We’re going to do a DataCamp Titanic tutorial using Python and a few popular Python libraries: pandas, scikit-learn, and numpy. A library is a little bucket of functions sitting somewhere on the Internet. When we import a library, we make its functions available to the program we’re writing. One way to think about it is to think about a physical library. I’m a member of the New York Public Library (NYPL). Whenever I go to stay somewhere for more than a week, for work or for vacation, I generally try to go to the local library and get a library card. Signing up for a local library card allows me to use all the books and resources available at that library. For the time that I’m a local library member, I can use all my core NYPL resources plus the unique resources of the local library. In a Python program, we start with a whole bunch of built-in functions: those are the NYPL. Importing a new library is like signing up for the local library card. Our program can use all the good stuff in the core Python library plus the nifty functions written by the researchers and open-source developers who made and published the scikit-learn library, for example.

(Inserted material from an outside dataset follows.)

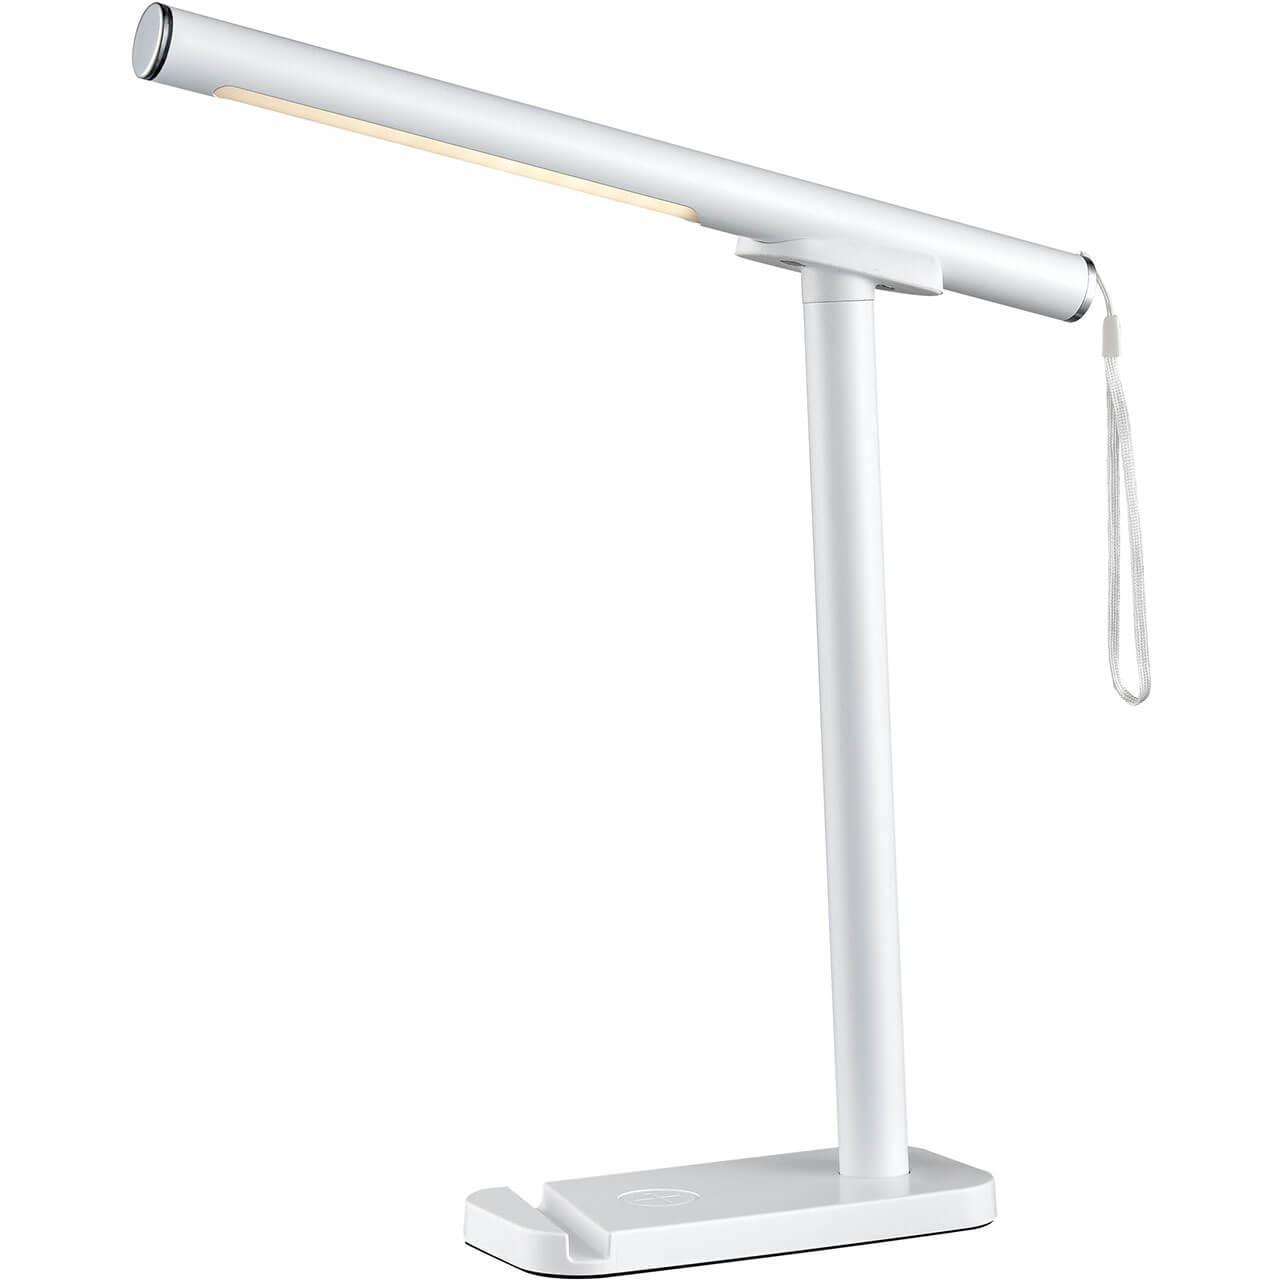 Настольная лампа Vele Luce Toto VL2021N01 настольная лампа декоративная vele luce toppi vl1841n01

Pandas, another library we’ll use, has a container called a DataFrame that “holds” a set of data. This type of container is also called an object, as in object-oriented programming. Object is a generic term in programming, just as it is in the real world. In programming, an object is a conceptual wrapper for a little package of data, variables, and code. Having the label object gives us something to hold on to. We need to conceptualize our package of bits as something in order to think about it and talk about it.

The first thing we do is break our data into two sets: training data and test data. We’re going to develop a model, train it on the training data, then run it on the test data. Remember how there is general AI and narrow AI? This is narrow. Let’s start by typing the following:

import pandas as pd
import numpy as np
from sklearn import tree, preprocessing

We’ve just imported several libraries that we’ll use for our analysis. We use an alias, pd, for pandas, and the alias np for numpy. We now have access to all of the functions in pandas and numpy. We can choose to import all of the functions or just a few. From scikit-learn, we’ll import only two functions. One is named tree and the other is named preprocessing.

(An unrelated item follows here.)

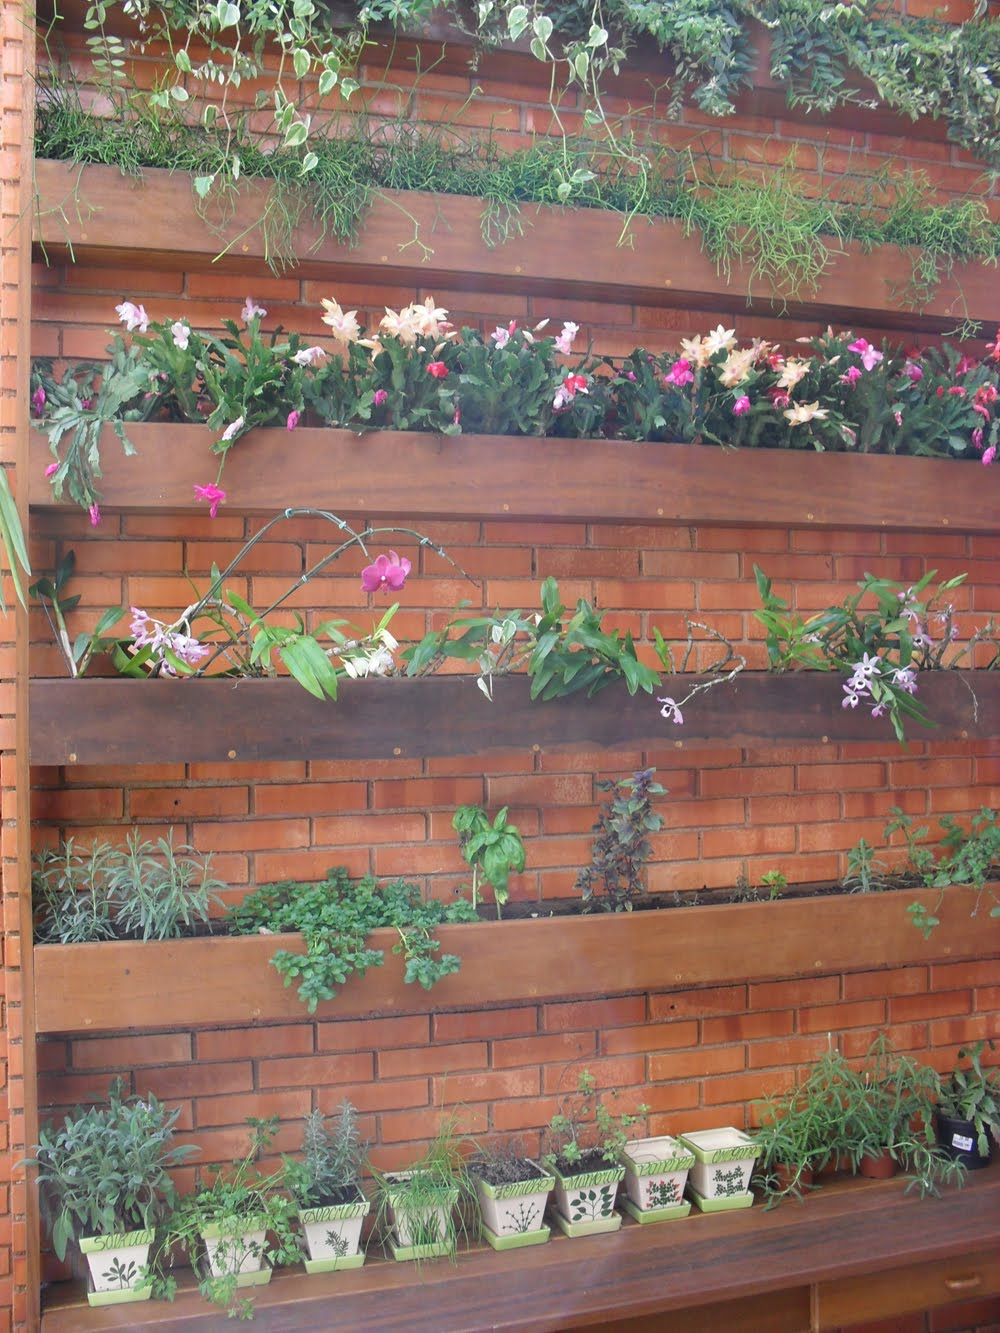 grades madeira jardim:Madearte: Jardim suspenso em Itaúba.

Next, let’s import the data from a comma-separated values (CSV) file that is also sitting somewhere on the Internet. Specifically, this CSV file is sitting on a server owned by Amazon Web Services (AWS). We can tell because the base URL of the file (the first part after http://) is s3.amazonaws.com. A CSV file is a file of structured data in which each column is separated by a comma. We’re going to import two different Titanic data files from AWS. One is a training data set, another is a test data set. Both data sets are in CSV format. Let’s import the data:

train_url = 
"http://s3.amazonaws.com/assets.datacamp.com/course/Kaggle/train.csv"
train = pd.read_csv(train_url)
test_url = "http://s3.amazonaws.com/assets.datacamp.com/course/Kaggle/test.csv"
test = pd.read_csv(test_url)

pd.read_csv() means “please invoke the read_csv() function, which lives in the pd (pandas) library.” Technically, we created a DataFrame object and called one of its built-in methods. Regardless, the data is now imported into two variables: train and test. We’ll use the data in the train variable to create the model, and then we’ll use the data in the test variable to test our model’s accuracy.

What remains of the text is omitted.